We collectively metabolize the stress and fear created by a society in transition (such as found in 1990s Estonia) by offering both an explanation (this is why the transition is occurring) and hope (this is how we will successfully manage the transition). Our leader resides at the center of this metabolism. Successful metabolism often is beholding to collective myths regarding a social system’s past history, present resources and future outcomes. Leaders are the ultimate guardians and transmitters of these myths. Wisdom, courage and vision reside at the heart of these myths and these myths enable the leader to retain and gain even more power.
It is important to turn to Bion’s even further insights regarding these dynamics of leadership.
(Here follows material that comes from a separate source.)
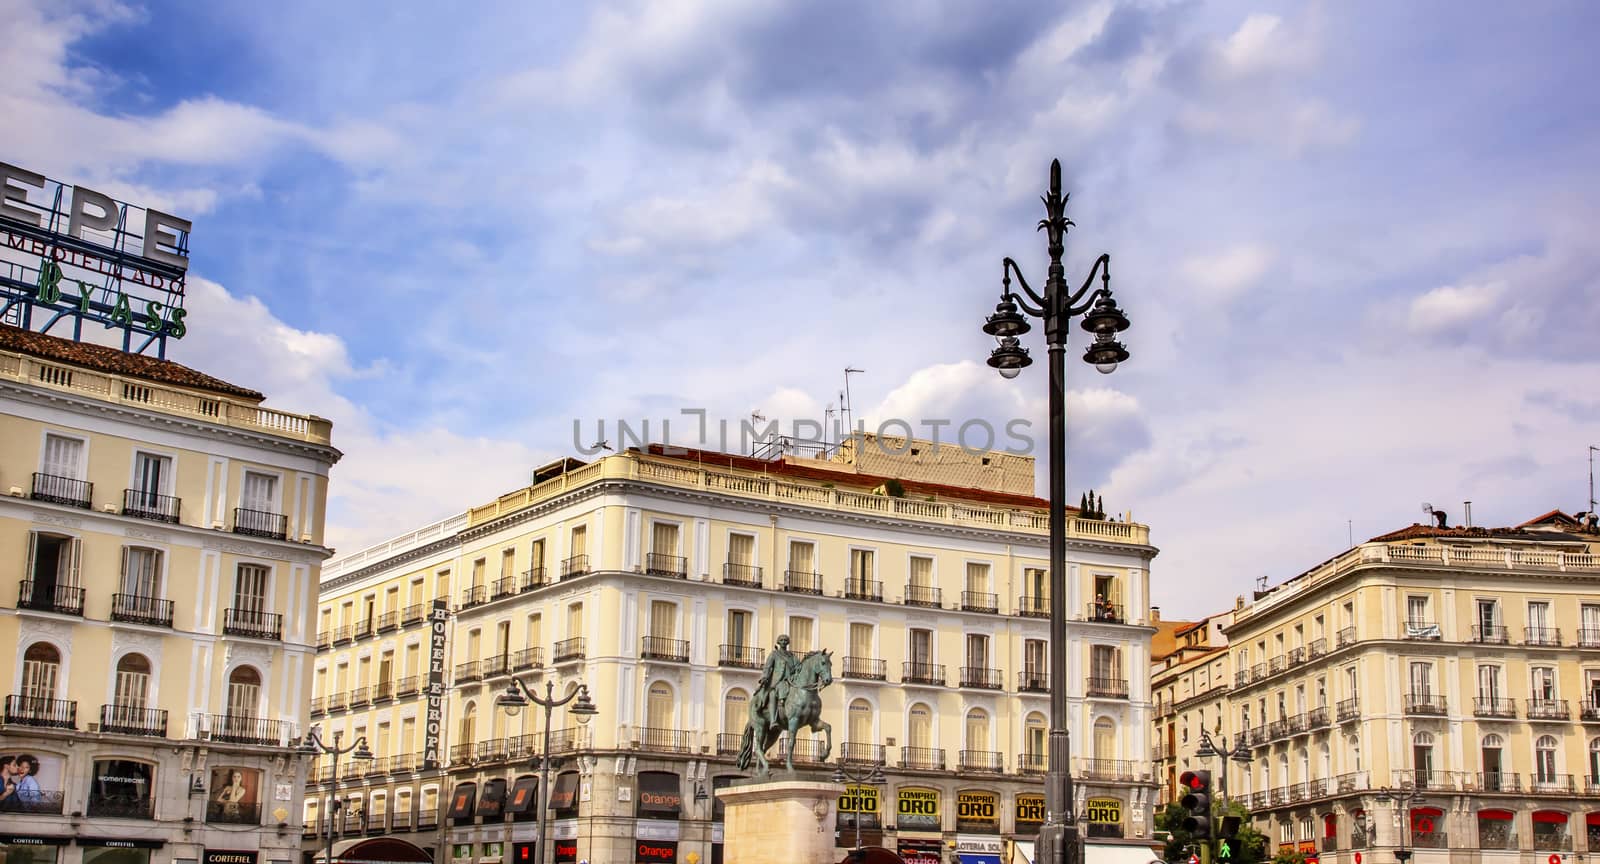 Puerta del Sol Gate of the Sun Most Famous Square King Carlos III Equestrian Statue in Madrid Spain King of Spain in the 1700s.  Replica of statue created in 1700s by Juan Pascal de de Mena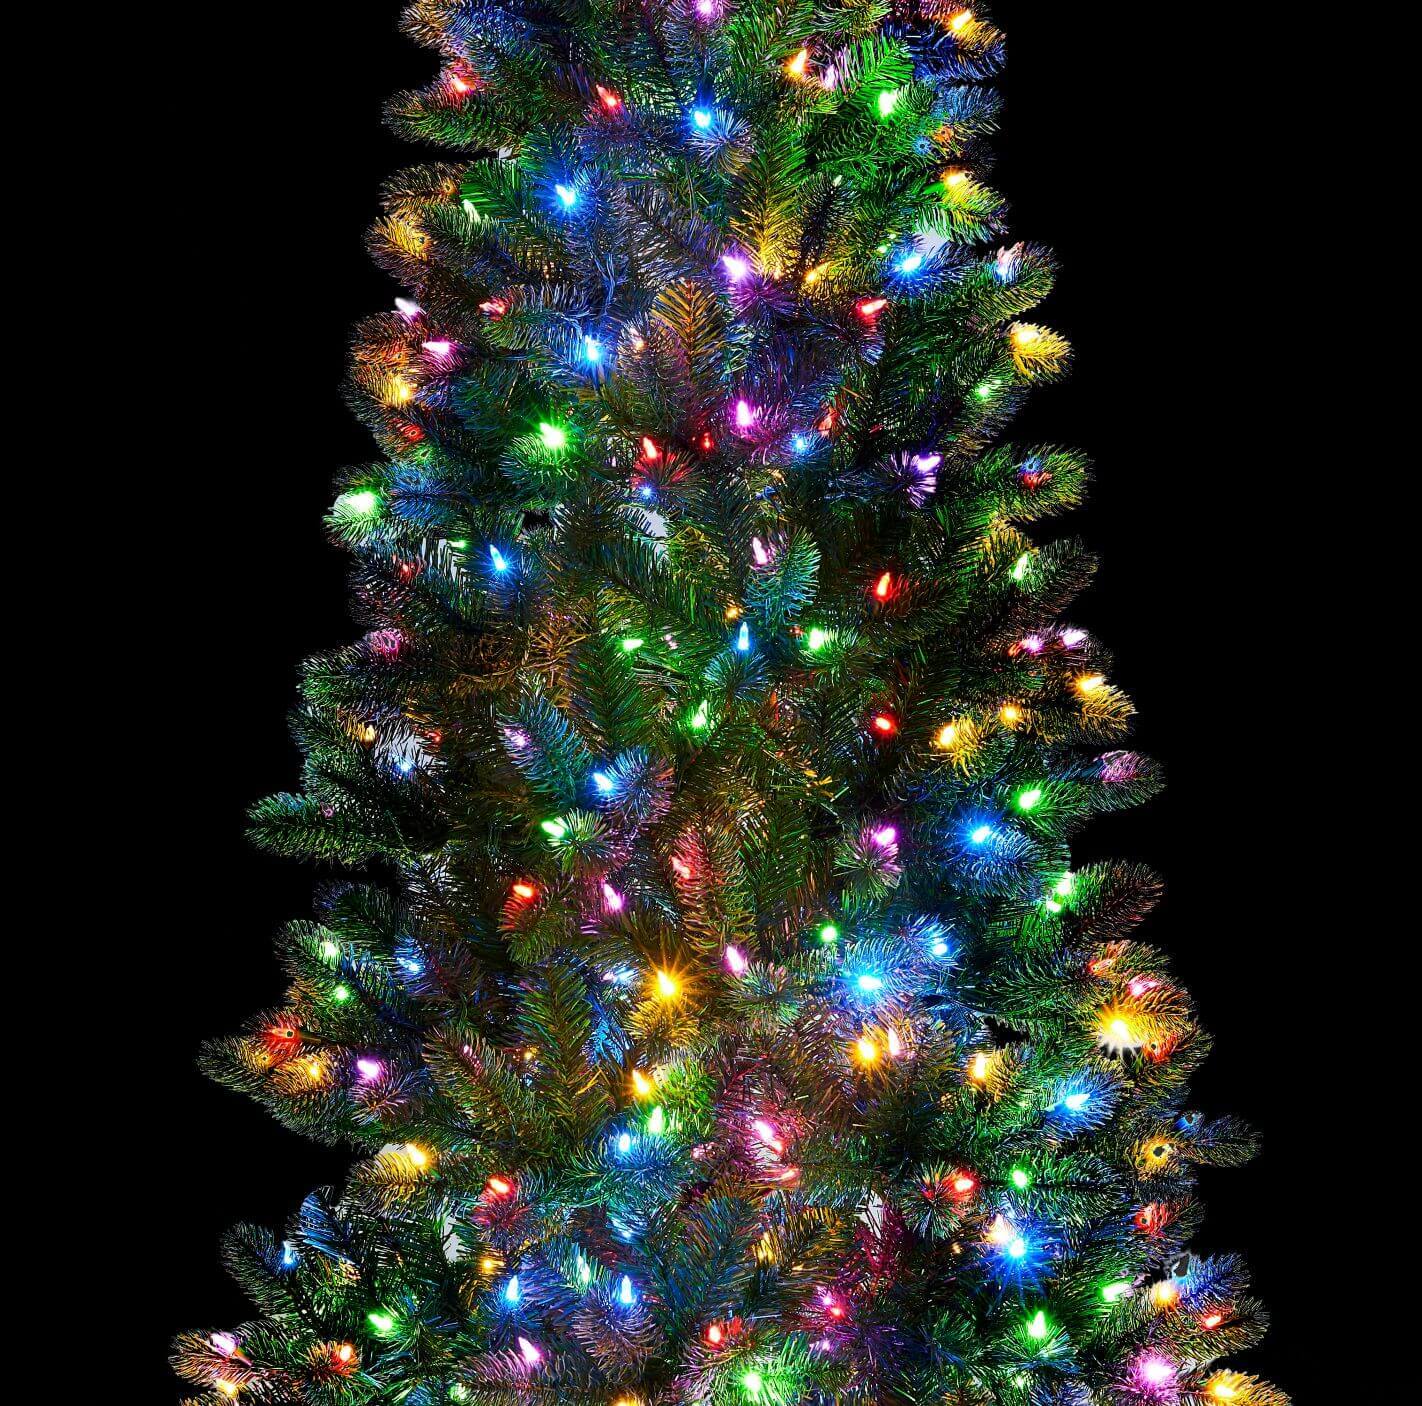 King of Christmas 7.5 King Douglas Fir Slim Quick-Shape Artificial Christmas Tree with 650 Warm White & Multi-Color LED Lights

He suggests that members of a group (or other social system) collude to ensure that only the leader has sufficient wisdom. If the leader ends up not being super-smart or if someone else exhibits superior wisdom, then the system is in crisis. Similarly, if members of the system can’t collectively identify a viable enemy (that is strong and ever-present but not too powerful or overwhelming), then there is less need for the leader’s courage.
Thus, it is important for a social system oriented toward battle and courage to always have a viable enemy. Finally, a social system that is pulled toward the priority of a compelling vision must always collude to be sure that this vision is never actualized. A realized vision is often anticlimactic—and ultimately not an answer to anything. Without a vision of the future, the social system lacks sufficient motivation and in little need of a visionary leader.
In returning to Erich Fromm’s insights, we find that:
. . . the intensity of the relatedness to the magic helper is in reverse proportion to the ability to express spontaneously one’s own intellectual, emotional, and sensuous potentialities. In other words, one hopes to get everything one expects from life, from the magic helper, instead of by one’s own actions. The question is no longer how to live one self, but how to manipulate ‘him’ [the magic helper] in order not to lose him and how to make him do what one wants, even to make him responsible for what one is responsible oneself.” (Fromm, 1940, p. 176).